There is a clear continuum from the events that led up to the demolition of the Babri Masjid in 1992 to the looming darkness that confronts India today. But it’s not what you think.

By Ajai Sahni

1992 was an age of incoherence in India. A succession of weak, fractious, inept, and short-lived governments had pushed the country to the brink of bankruptcy and chaos. A fledgling Congress Party-led coalition under the leadership of Prime Minister P.V. Narasimha Rao was struggling to consolidate its position in Parliament and the administration, and to restore economic stability through a slew of reforms. 

There were raging insurgencies in multiple theaters across India, the worst of these in Punjab, where a total of 3,883 people lost their lives in 1992 to a Sikh separatist movement before it was defeated, abruptly and comprehensively, the following year. In the northern state of Jammu and Kashmir, Islamist separatist terrorism backed by Pakistan resulted in 1,909 fatalities; multiple insurgencies in India’s Northeast saw 492 killed. Another 788 persons were killed in a widening Naxalite (left-wing extremist) rebellion along India’s eastern board, spanning large areas from Andhra Pradesh to Bihar. The combined toll of all such violence was 7,072 fatalities in 1992 (all data from the South Asia Terrorism Portal). 

To the distant observer it might have seemed that much of India was aflame – and possibly ready for “balkanization.”

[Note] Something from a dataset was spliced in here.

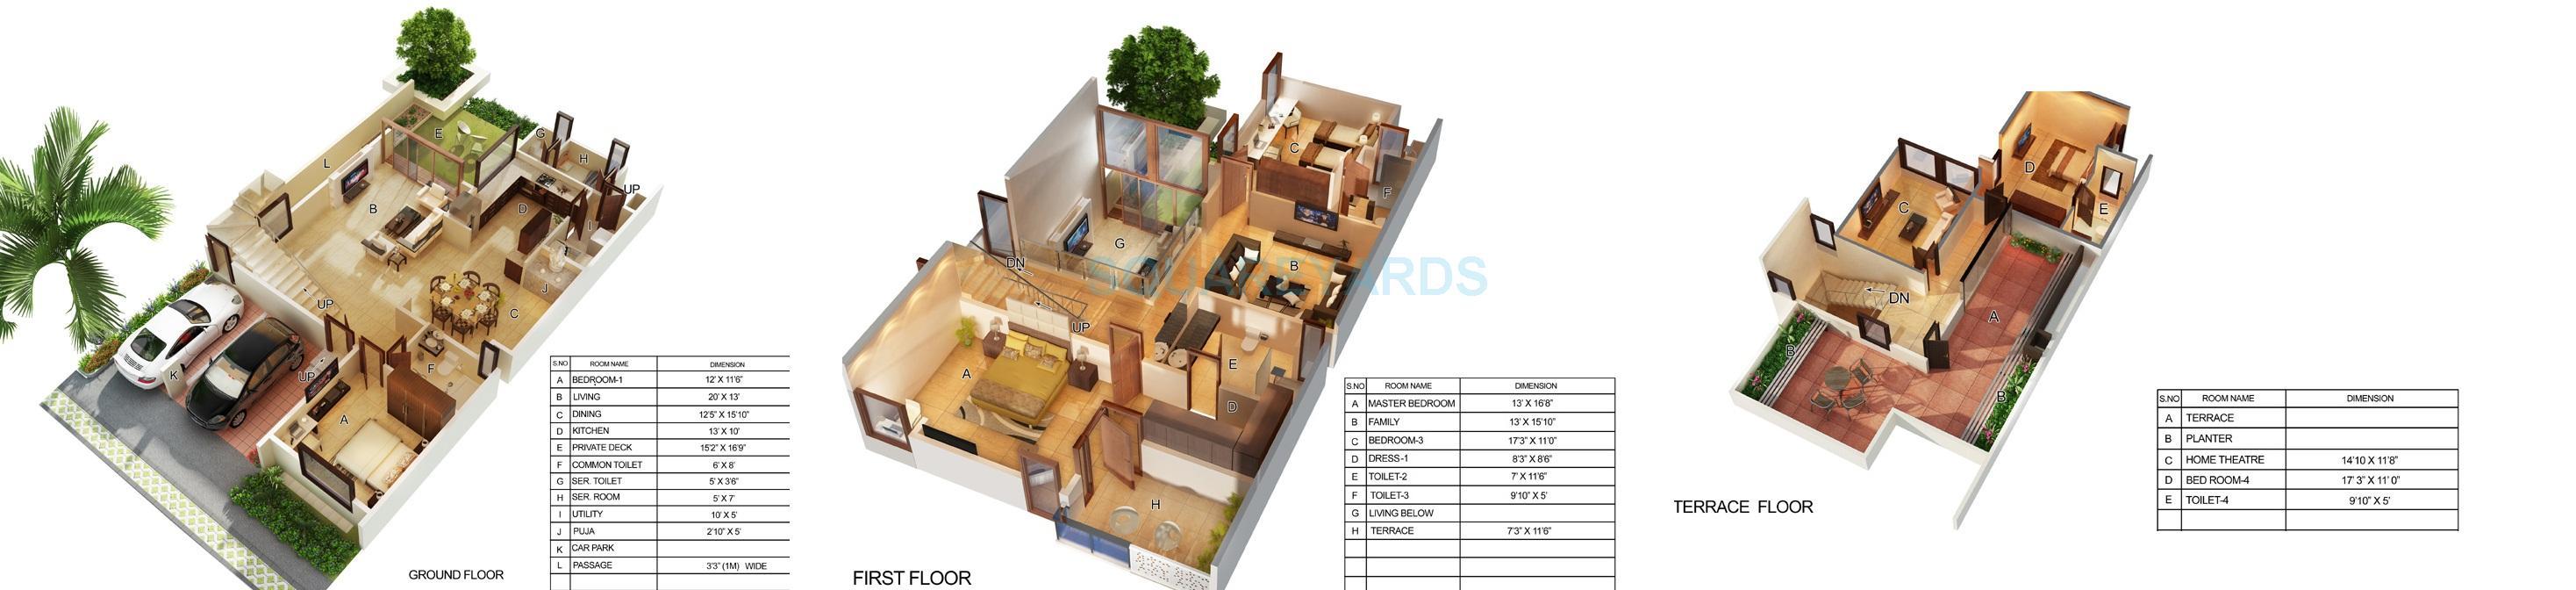 mantri courtyard villa 4bhk 3495sqft1
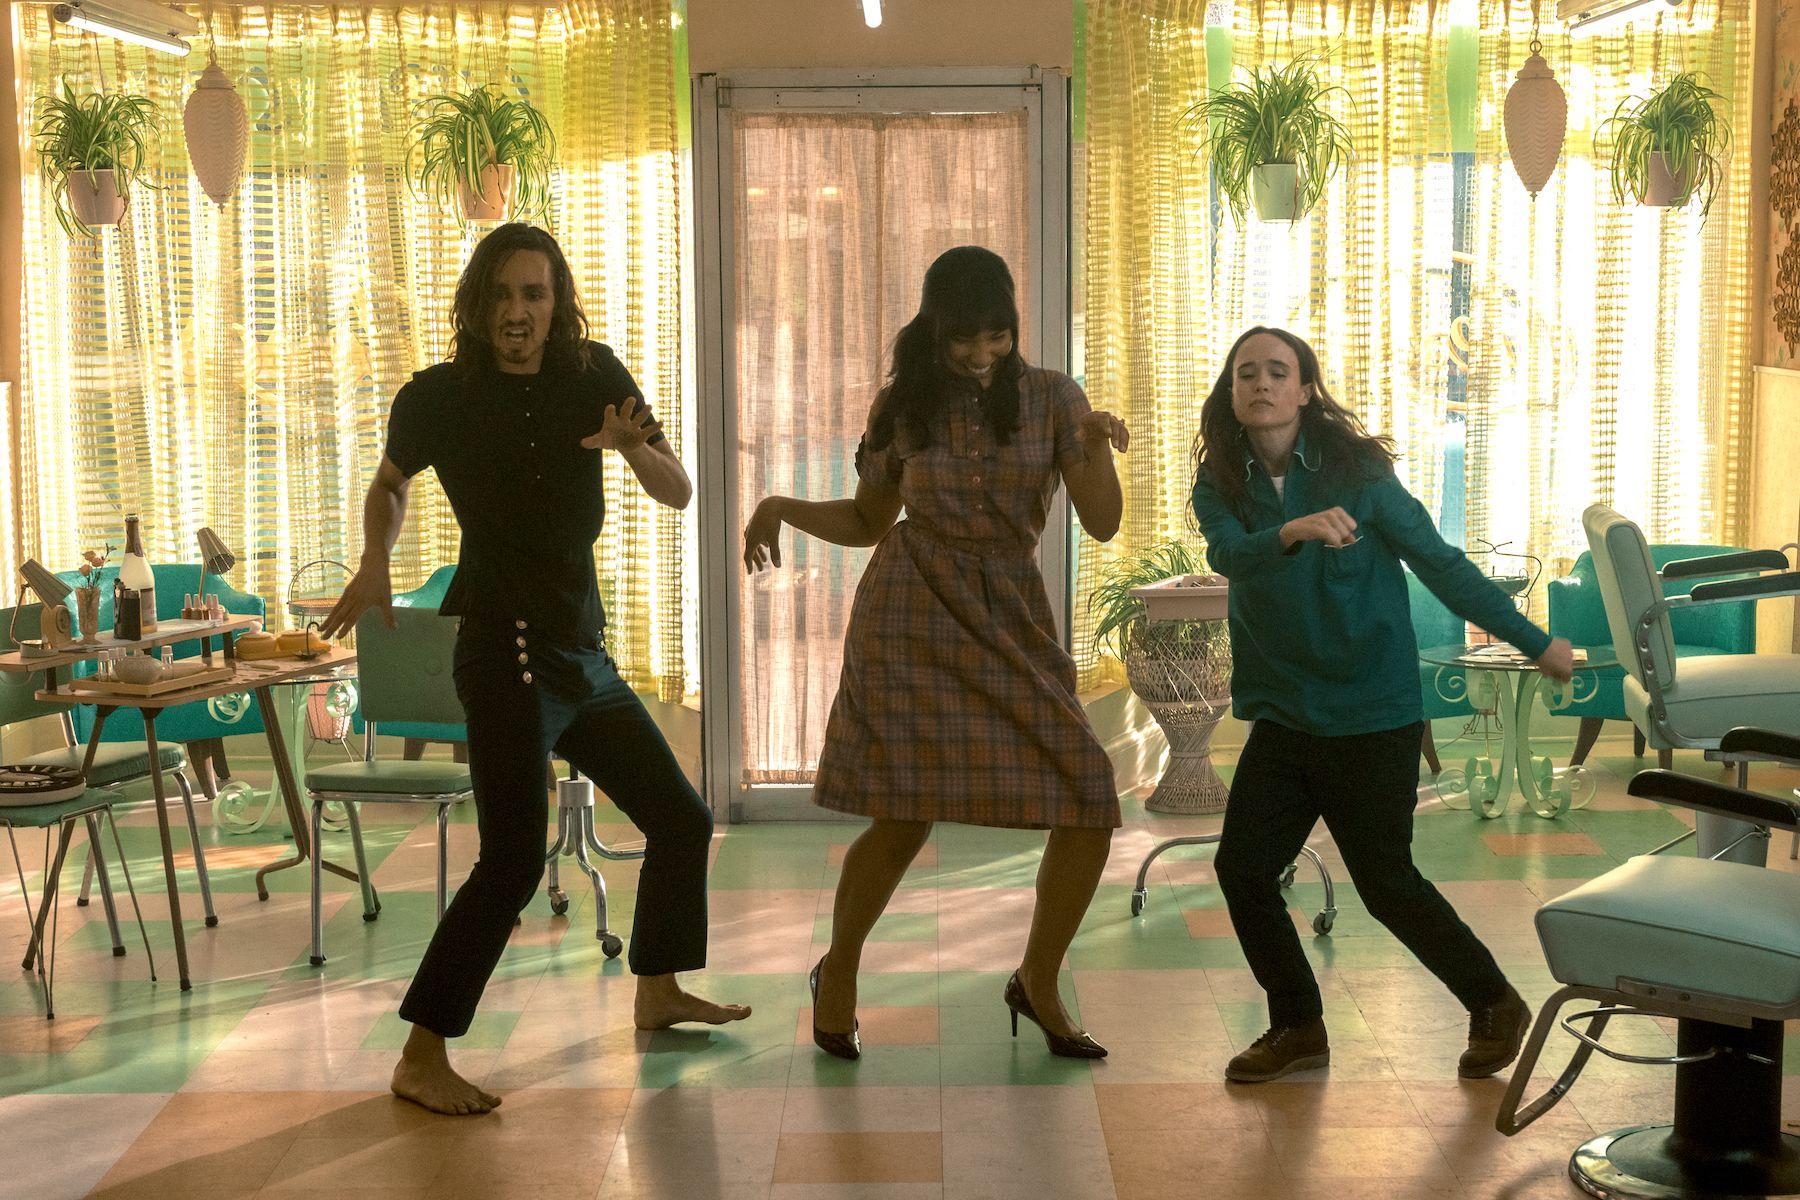 The Complete Umbrella Academy Season 2 Soundtrack

Outside Jammu and Kashmir, however, there was little evidence of Islamist terrorist mobilization, despite the strident polarizing campaigns of the Sangh Parivar, a complex network – both formal and informal – of political and social institutions linked to the Rashtriya Swayamsevak Sangh (which includes the present ruling Bharatiya Janata Party). The Sangh Parivar demonstrated across the country over the Babri Masjid, a 1529 mosque constructed over Hindu structures in Ayodhya believed by the devout to be the birthplace of the Hindu deity Ram. The dispute had lingered in court for over a century, with a case first filed in 1885. In 1949, when an idol of Lord Ram “mysteriously” appeared in the mosque, the then-Jawaharlal Nehru government locked the mosque, declaring the site a “contested area.”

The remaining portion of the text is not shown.